The plan proposes the appointment of a Project Co-ordinator to ensure its delivery; a High Performance Manager who will oversee and develop the sports science elements of team and athlete preparation necessary for readying players for the rigours of modern inter-county hurling and football; a Talent Identification Manager to work on the player development pathway at underage level; a junior administrator to support the work of Rebel Óg, and a Media Liaison Officer which will be an intern role working on the promotion of our senior football team.
It is also recommended that the delivery of some of the key strategies in relation to coaching and coach provision would form part of the duties of two imminent GDA appointments.
While the majority of these appointments have already been budgeted for and will ultimately result in cost savings due to economies of scale – it is envisaged that the Junior Administrator role will be funded by Rebel Óg – the plan also includes a funding pillar with a view to generating any extra finance that may be required to support the plan.
This plan also seeks to address another major concern in relation to Cork football: the growing disconnect between Cork supporters and Cork football teams. In order to increase support for our teams, we must reignite the passion of our people and re-engage their support.
“I would like to thank Conor, Graham and Brian most sincerely for their involvement in the development of this plan,” County Chairperson Tracey Kennedy said on the report’s launch.
“Their passion for and commitment to Cork football are undeniable and their knowledge, experience and expertise are evident throughout this plan. As I have said in my introduction to the document, some of the strategies outlined within it are easily implemented and rooted in common sense, while other aspects are radical and will require a significant shift in thinking, but everything proposed here has been carefully considered in terms of its long-term benefit to Cork football, and indeed to Cork GAA.
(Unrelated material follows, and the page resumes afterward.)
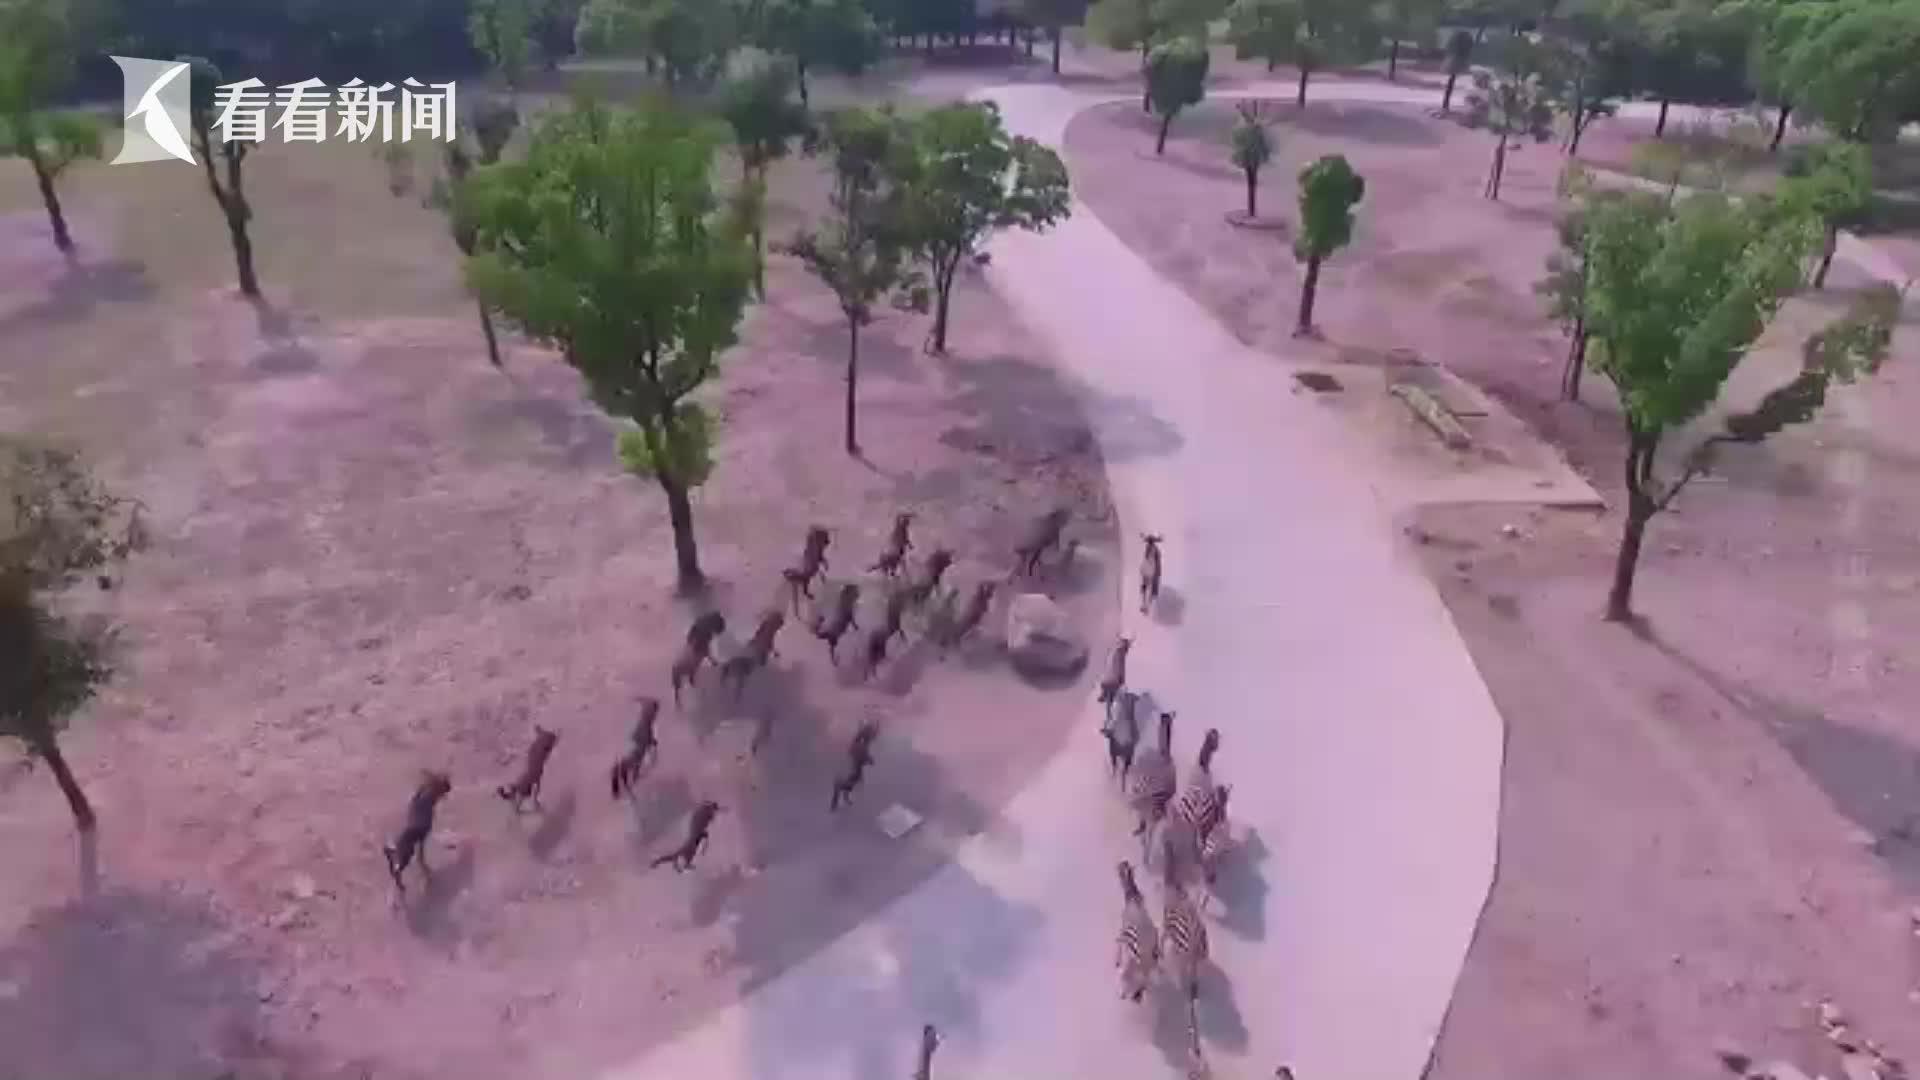 【航拍】飞越上海野生动物园

“It is incumbent on us, as one of the top GAA counties in terms of size and overall success, to lead the way also in terms of innovation. We need a complete culture shift if Cork football is to be truly successful, and as the plan acknowledges, the support of all stakeholders is vital for its success.
“I hope that the entire Cork GAA family will join us in working together for the good of Cork football. Cultural change is a slow process so the sooner it begins, the better.”